Sea Activities

Pedro Rodriguez Bateman School
4220 N. Richmond St
Chicago IL 60618
(312) 534-5055


This lesson has been designed for the bilingual kindergarten learner, but
can be used for other grade levels 1st to 3rd.

*The students will recognize sea creatures.
*The students will learn that the sea water is salty, how to extract salt, and
convert seawater into fresh drinking water.
*The students will learn that there are bodies of sea water where the amount of
salt is so great that people float effortlessly in them.
*The students will learn and recognize that sea water has chloride ions.

Materials Needed:

*Group students in 4 or 6
*Mural paper, light blue, cut paper 5 foot long
*Sea creatures stencils

Strategy: Setting the stage

Setting the stage in your classroom to create a sea atmosphere. Have the
students draw and create the ocean using the sea creatures stencils. After the
students have finished, hang the murals created by students around your
classroom. This will prepare a learning atmosphere for the student to learn
about sea creatures and seawater.

Materials Needed:

*Masking tape
*Small plastic bowl
*Plastic bags large enough to hold the bowl
*Sea salt
*Tap water
*Plastic spoons

Strategy: Fresh Water from Sea Water

The light from the sun passes though the clear plastic and heats the
surface of the salty water in the bowl. Although it is a simple process,
extracting fresh water from sea water on a large scale is very costly. Sea
water is first heated then the steam is boiled off and condensed into fresh
water leaving the salt.

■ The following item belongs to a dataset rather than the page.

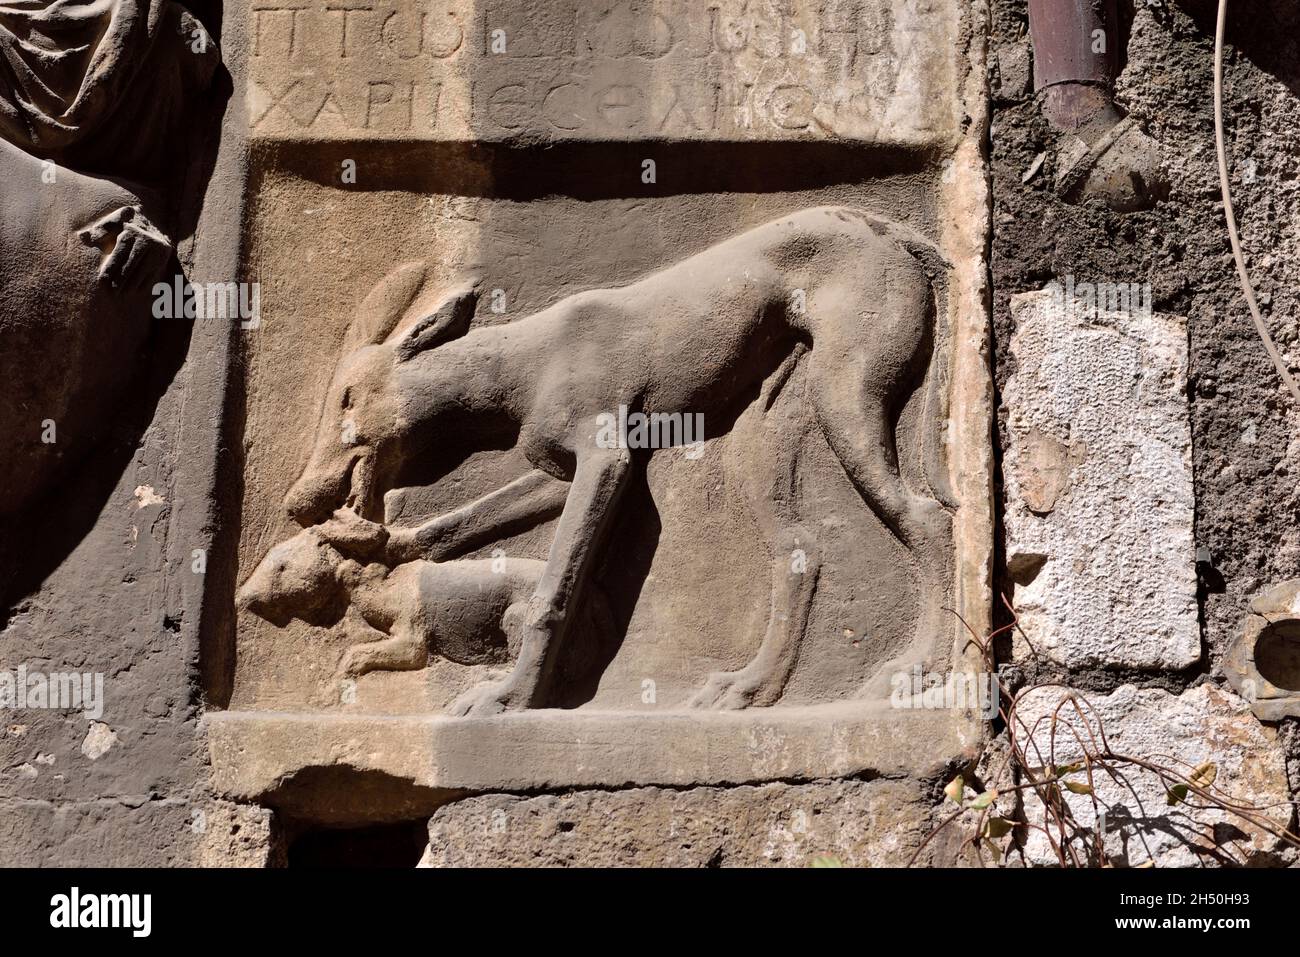 italy, rome, jewish ghetto, via del portico d'ottavia, casa di lorenzo manili, greek inscription and bas relief with deer and fawn Stock Photo

Group the students in 4 or 6. Have the students cover
the bottom of the bowl with a thin layer of sea salt. Fill the bowl one-half
full with tap water and stir until all the salt is dissolved. Set the bowl
inside the plastic bag and close the opening with masking tape and place the bag
in direct sunlight. After 24 hours open the bag and collect the liquid around
the inside of the plastic bag with a plastic spoon.


Have the students taste the liquid collected. The liquid inside the
plastic bag will taste like fresh water.

Materials Needed:

*Group students in 4 or 6
*2 Large glass containers or breakers
*Sea salt, making sea water use 35 grams of salt in 965 grams of fresh water
*2 hard boil eggs
*Fresh water

Strategy: Making a egg float

To demonstrate how salt content is measured by the buoyancy force, as the
salt content of the water increases. The water gets more dense and has greater
buoyancy force, and the fresh water is less dense, and has less buoyancy force.
Float an egg in salt water. After you have made sea water, fill two glasses,
one with fresh water, the other one with sea water. Place an egg in each one of
the glasses. Describe the results to the students.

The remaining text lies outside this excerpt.